Я знаю, ты любишь Джо. Да и Грунтор тоже. Однако я часто жалею, что не прикончил ее в тот первый раз, когда она сделала глупость и поставила нас в весьма неприятное положение. Должен тебе сказать: она до сих пор не может угомониться и ведет себя как полная дура, при тебе и без тебя. Я начинаю думать, что в ее поступках есть определенная закономерность и причина, которой мы не видим, и что она просто не может быть другой. Если мои подозрения подтвердятся, последствия для нас и для болгов будут такими, что гибель Серендаира покажется детскими игрушками по сравнению с тем ужасом, который всех нас ожидает. Причем даже смерть не станет спасением.
— Ради всех святых, Акмед! Она же подросток! Неужели ты не совершал глупых поступков в ее возрасте?
— Не совершал. Но дело не в этом. Ф'дор или его слуга может быть подростком, или ребенком, или безмозглым красавцем, который прошел мимо тебя на улице и бросил тебе под ноги букет цветов. Он может быть кем угодно, Рапсодия, кем угодно.

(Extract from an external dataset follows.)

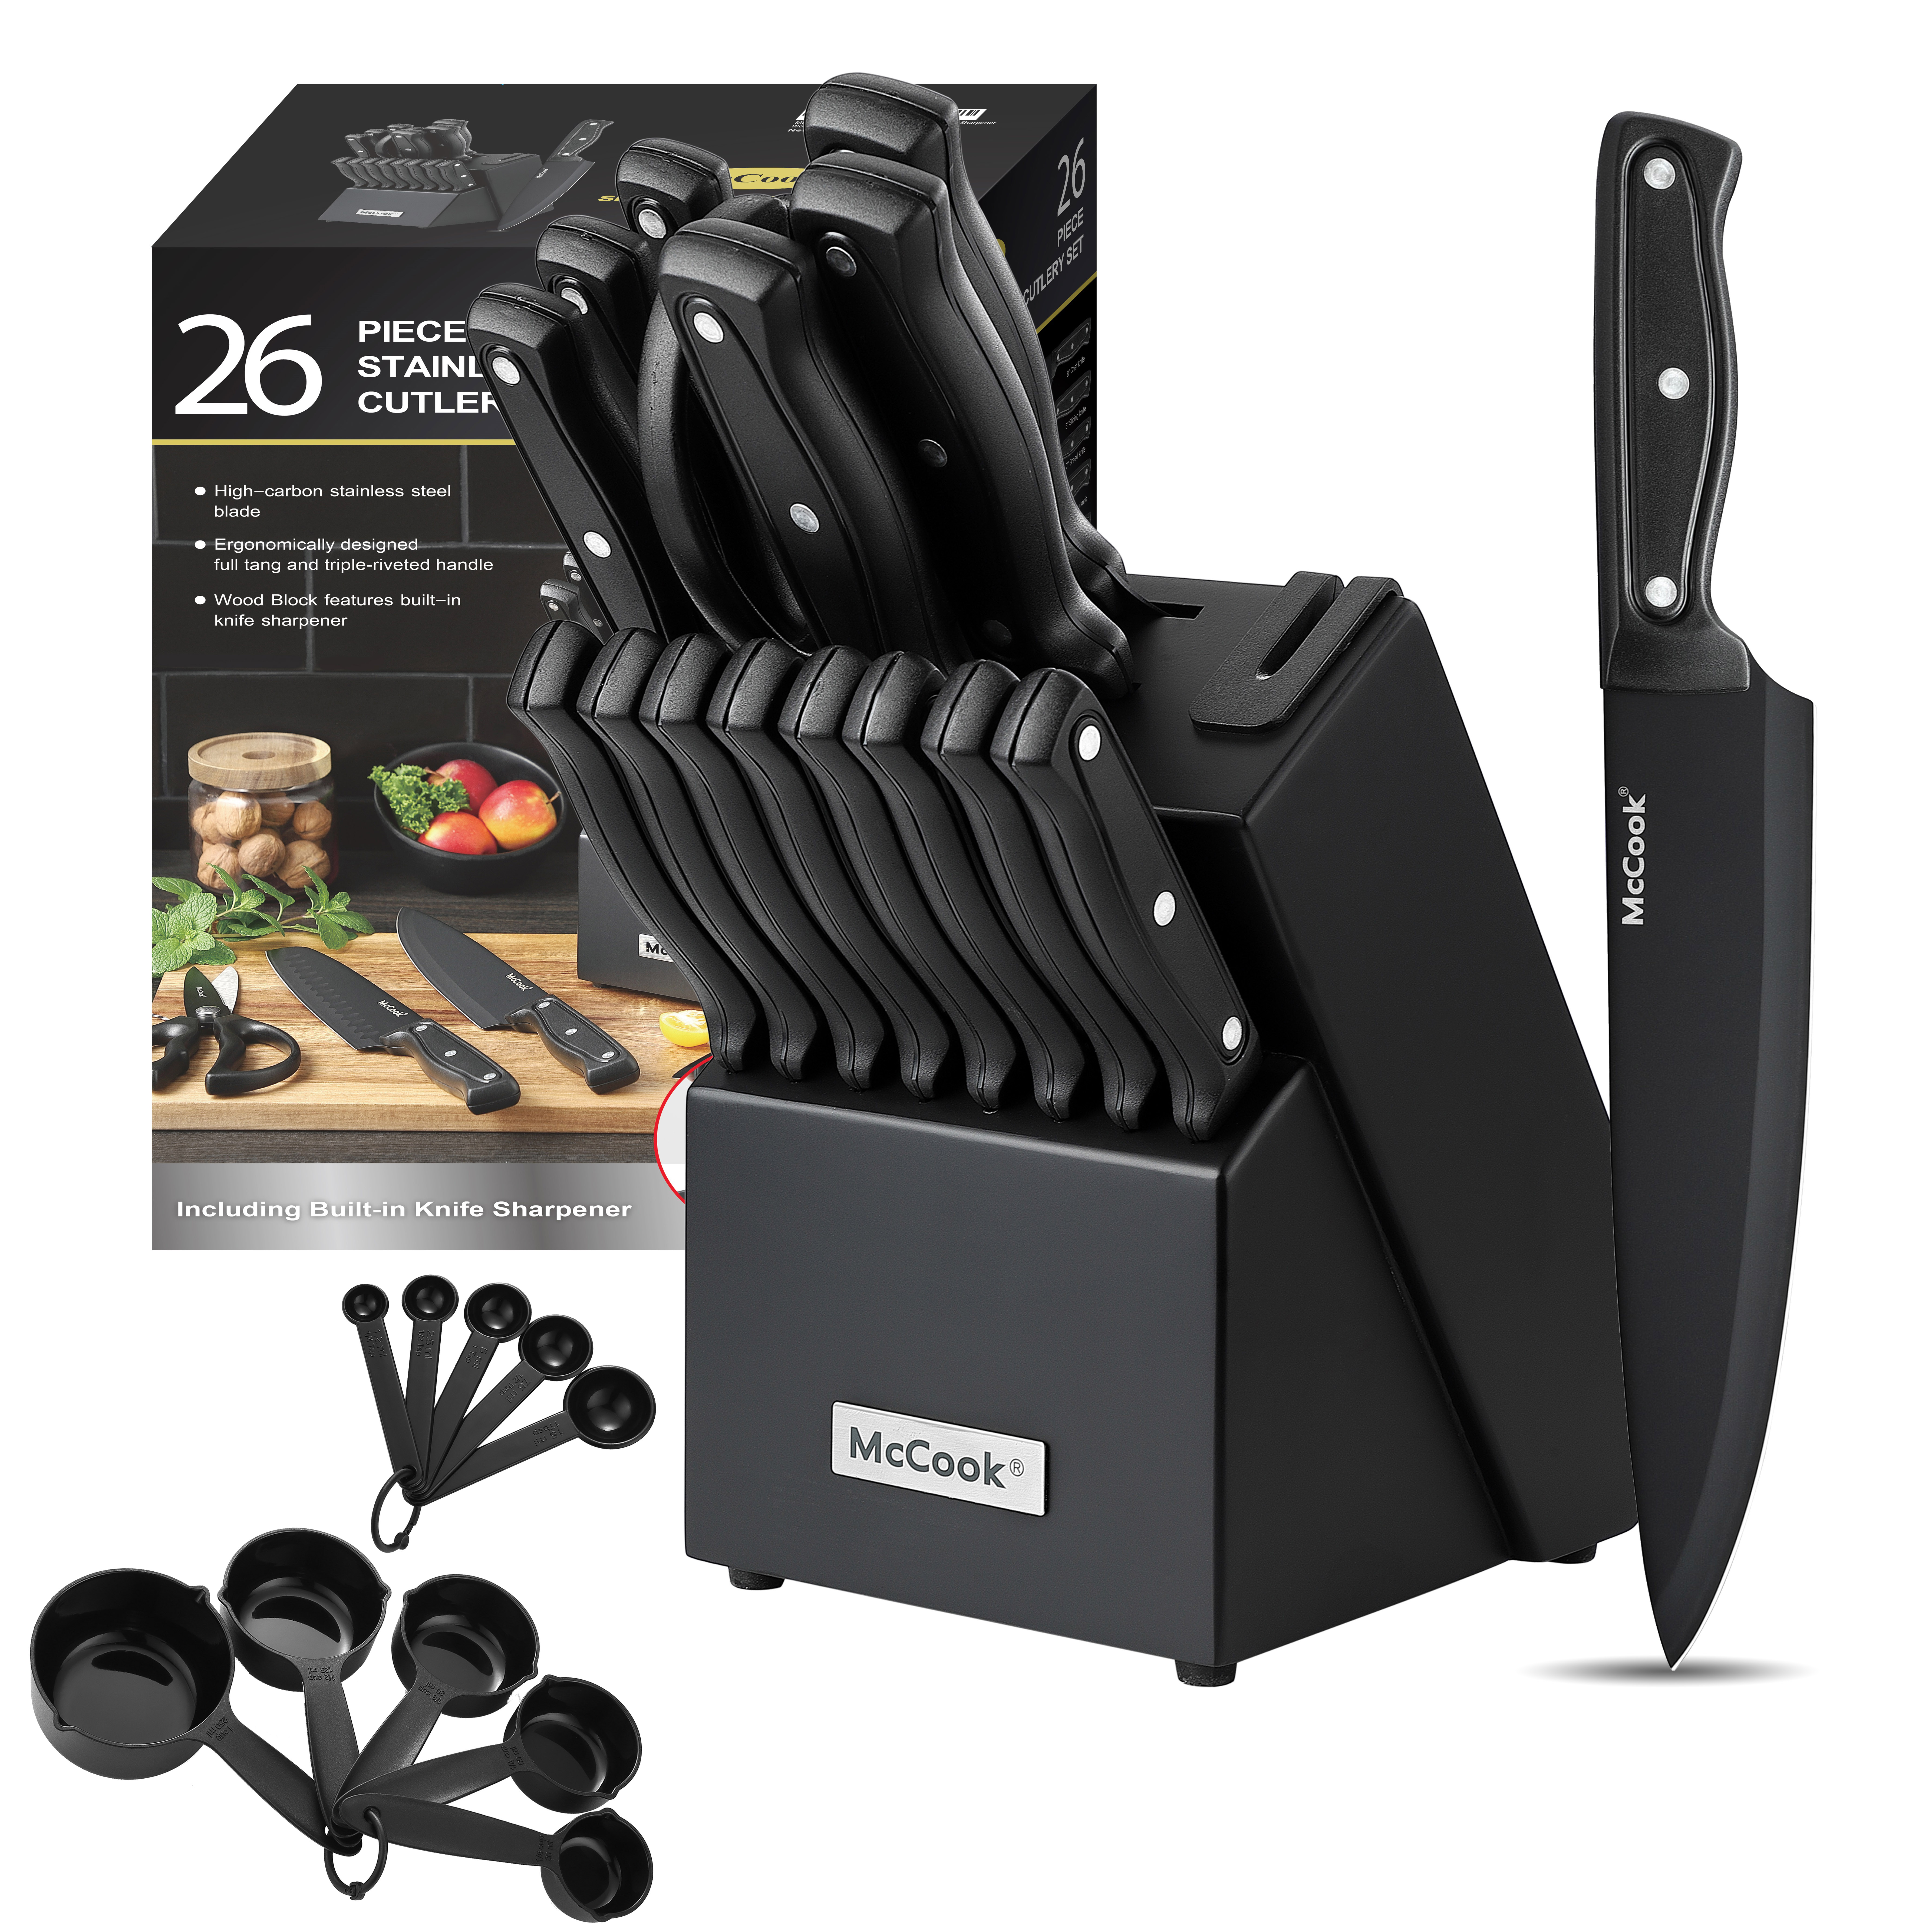 McCook DISHWASHER SAFE MC701 black Knife Sets of 26, Stainless Steel Kitchen Knives Block Set with Built-in Knife Sharpener,Measuring Cups and Spoons - image 1 of 9
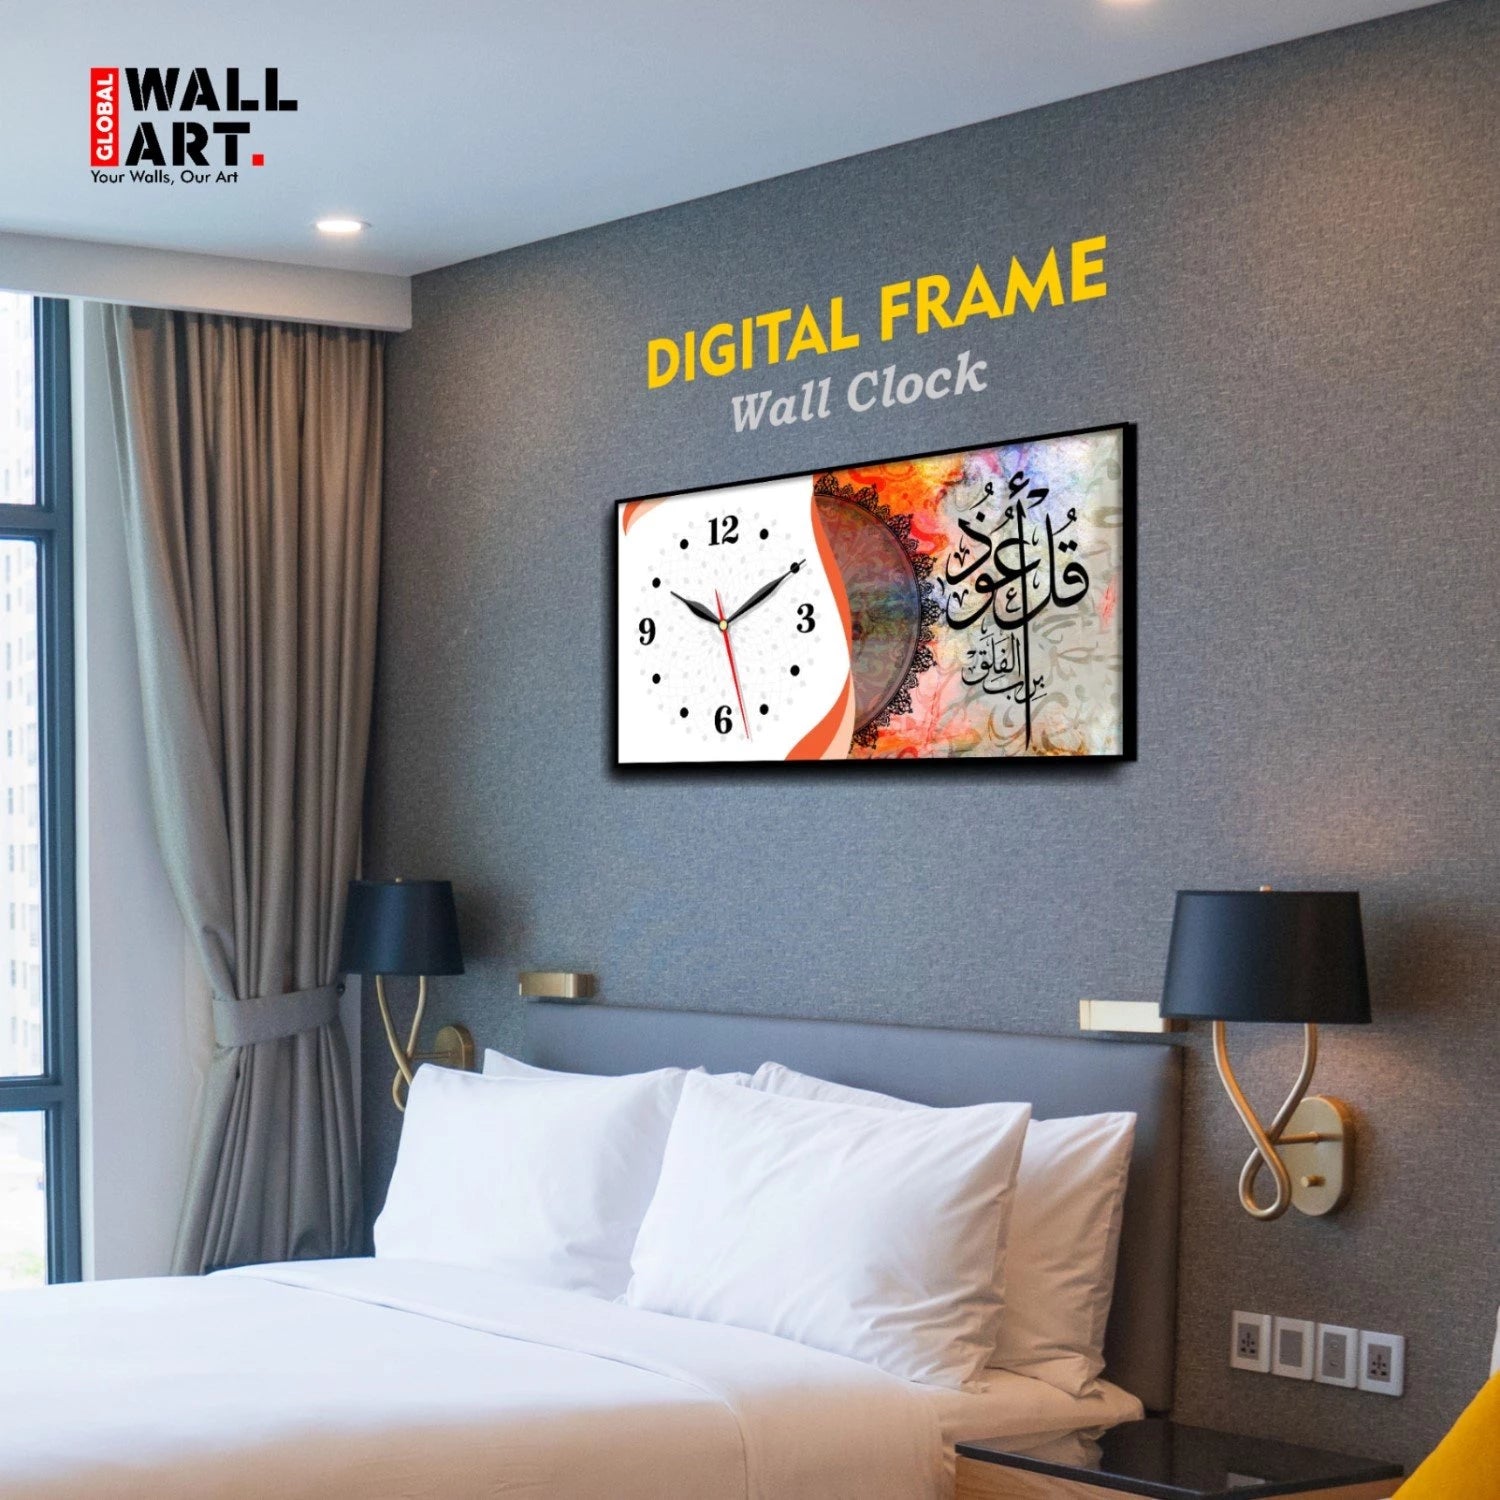 Digital Printing Wall Clock Frame Best for House and Office

— Но он не может быть всеми одновременно, Акмед. Рано или поздно нам придется выбрать, на чьей мы стороне, вмешаться в происходящее. У нас не получится до конца жизни прятаться в Илорке. Если легенды говорят правду и нам суждено почти что бессмертие, нам не избежать встречи с ним. Кроме того, если ты действительно думаешь, будто человек, к которому ты по-настоящему хорошо относишься, стал жертвой ф'дора, разве ты не должен попытаться спасти его от страданий? Вернуть ему ту часть его существа, что отнял у него ф'дор?
Акмед отвернулся и сердито взъерошил рукой волосы.
— Ты ведь сейчас не про Джо говоришь, верно? Ты имеешь в виду Эши. Я не знал, что он уже возвысился до статуса «человека, к которому мы по-настоящему хорошо относимся».
— Мы можем ему помочь, — прошептала Рапсодия. — Можем найти и убить ф'дора. Только мы на это способны. Помнишь предсказание, о котором нам говорил Ллаурон? Неужели ты еще не понял? Мы и есть те Трое. Ты Дитя Крови, Грунтор — Дитя Земли. Я принадлежу к народу лирин, а лиринов называют Дети Неба. Речь шла о нас, Акмед. Наше появление здесь предсказано.
Акмед резко развернулся и ткнул в сторону Рапсодии пальцем.
— Получается, что мы должны, радостно ликуя, броситься исполнять предсказание какого-то спятившего намерьенского пророка? Ты хочешь спасти мир от зла, которое эти люди навлекли на свои головы, позволив ему набрать силу? А где гарантии, что ты не станешь его следующей жертвой?
— А где гарантии, что этого не произойдет, если мы ничего не станем делать? Неужели ты думаешь, что он о нас не знает? Он прибыл сюда на намерьенском корабле. Присутствовал на советах; ему известно о предсказании. И если забыть на время о том, что мы можем наткнуться на него по чистой случайности, существует высокая вероятность того, что он попытается нас уничтожить из-за «предсказания какого-то спятившего намерьенского пророка». Забудь про Эши и про Ллаурона. Мы должны убить это чудовище в любом случае — ради себя.